An Islamic State-inspired group later claimed responsibility for the 2019 attacks. Sri Lanka’s government said it will launch a parliamentary investigation into the allegations made in the Channel 4 report. Maulana was a onetime member of a splinter faction of the Tamil Tigers, the separatist group that fought the Sri Lankan government in a nearly 26-year civil war that ended in 2009; the faction eventually cooperated with the government to defeat the Tamil Tigers.
Celebrities back Muhammad Yunus. Bangladesh microfinance pioneer and Nobel laureate Muhammad Yunus faces new charges, filed last month, of violating labor laws and worker mistreatment at one of his companies, as well as an anti-corruption case. In response, more than 170 global celebrities—Nobel laureates, prominent scholars, and political figures, including former U.S. President Barack Obama—have signed open letters calling for Bangladesh to suspend legal proceedings against the Grameen Bank founder.
There is history between Yunus and Bangladesh’s ruling Awami League party. Yunus founded a short-lived political party in 2007, when a military-backed caretaker government was in power; Awami League leaders interpreted it as an attempt to undermine their party and align himself with the military. Given the current climate, with the Awami League cracking down on dissent ahead of elections in January, observers see the legal proceedings as another case of the state trying to sideline its critics.

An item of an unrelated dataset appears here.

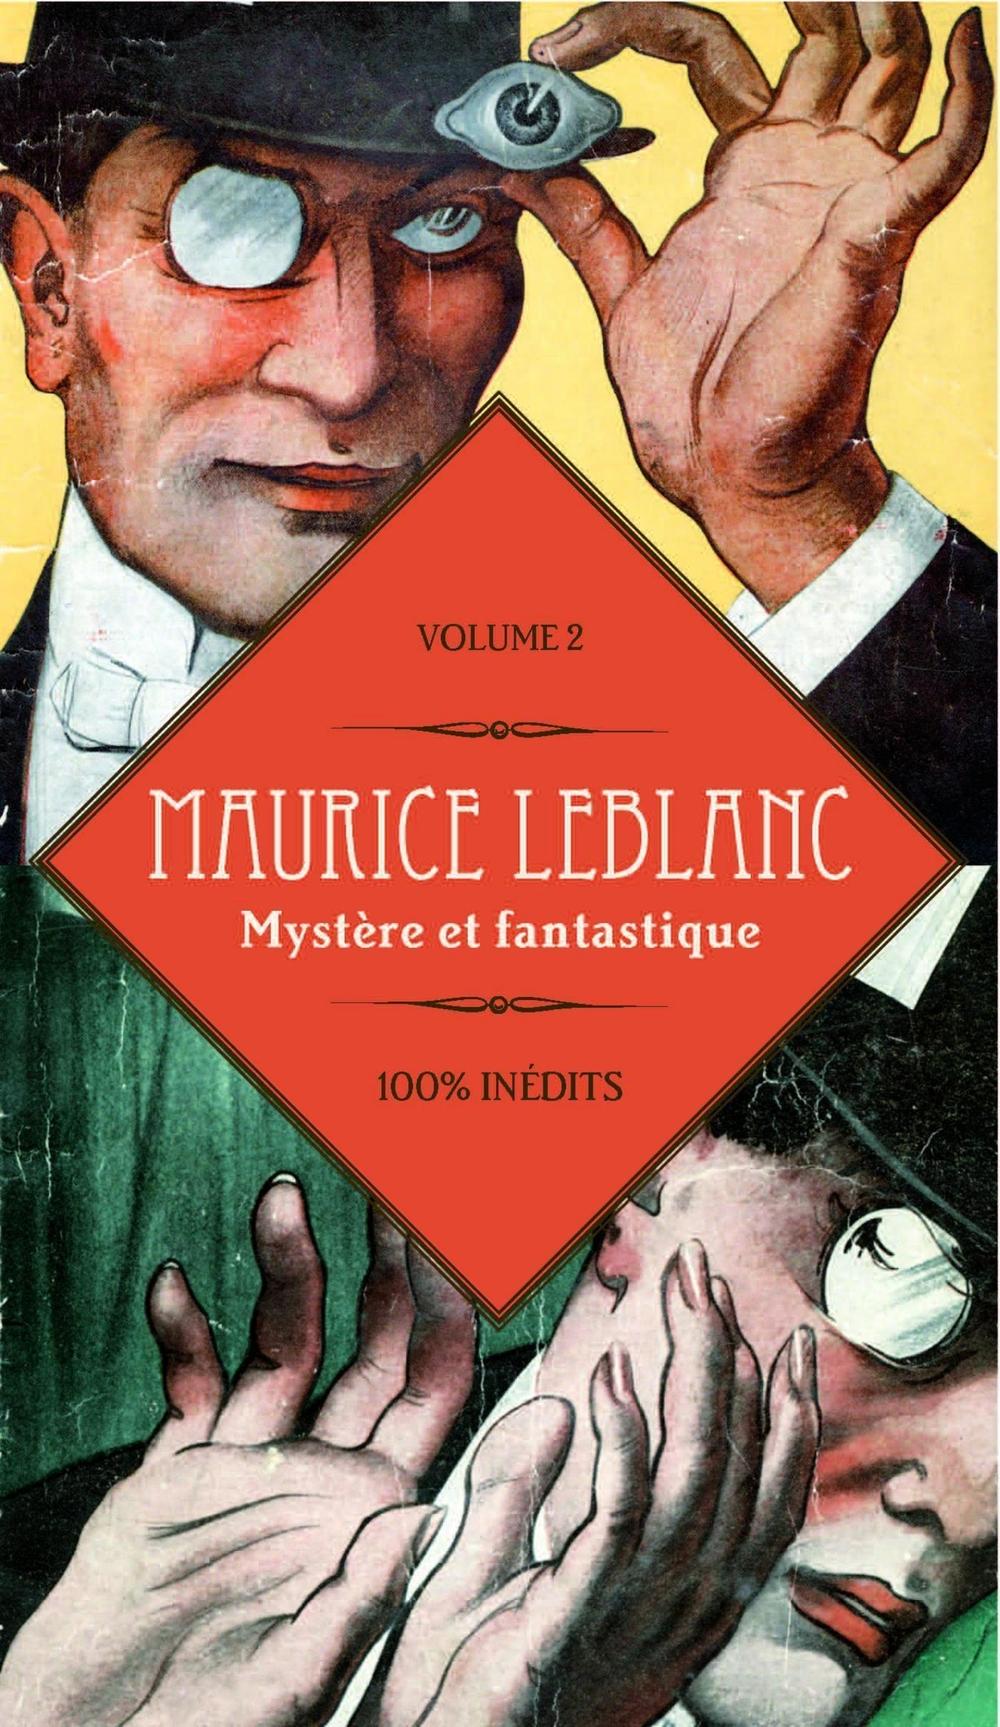 Maurice Leblanc 100% inédits : Mystère et fantasti

U.N. announces food aid cuts to Afghanistan. The World Food Programme (WFP) announced it will cut food aid to 2 million Afghans later this month, citing a “massive funding shortfall.” The decision follows a move to cut off food aid to 8 million people in the country earlier this year. With the cuts, just 3 million Afghans will receive aid from the WFP each month; more than one-third of the country’s population of 40 million is food insecure.
Various factors contribute to the lack of funding for humanitarian aid in Afghanistan, including broad donor fatigue, the reallocation of resources to Ukraine, and donor concerns about sending assistance to a Taliban-led Afghanistan, with the group under international sanctions. To make matters worse, Taliban bans on women working for U.N. agencies have made it difficult for aid workers to deliver assistance directly.
Reports of unrest have emerged from the sensitive region of Gilgit-Baltistan, which is administered by Pakistan but also claimed by India. Although details are sketchy, the trouble apparently escalated on Sept. 1, after two prominent Muslim clerics from different schools of thought made inflammatory comments about each other’s communities. Protests began in the city of Gilgit but have since spread to other areas.
Last weekend, the U.S., U.K., and Canadian embassies in Pakistan issued travel advisories urging citizens to avoid the region. Gilgit-Baltistan has a history of sectarian violence, especially terrorist attacks against the Shiite Muslim community. In 1988, Sunni-Shiite tensions led to a massacre that killed nearly 400 Shiites. The region has stabilized in recent years, but the current turmoil seems ominous.
On Monday, a former chief minister of Gilgit-Baltistan, a member of former Prime Minister Imran Khan’s party, survived an attack by unknown assailants. On Wednesday, the Pakistani Taliban announced it had sent fighters into Chitral, a district in the province of Khyber Pakhtunkhwa, which borders Gilgit-Baltistan.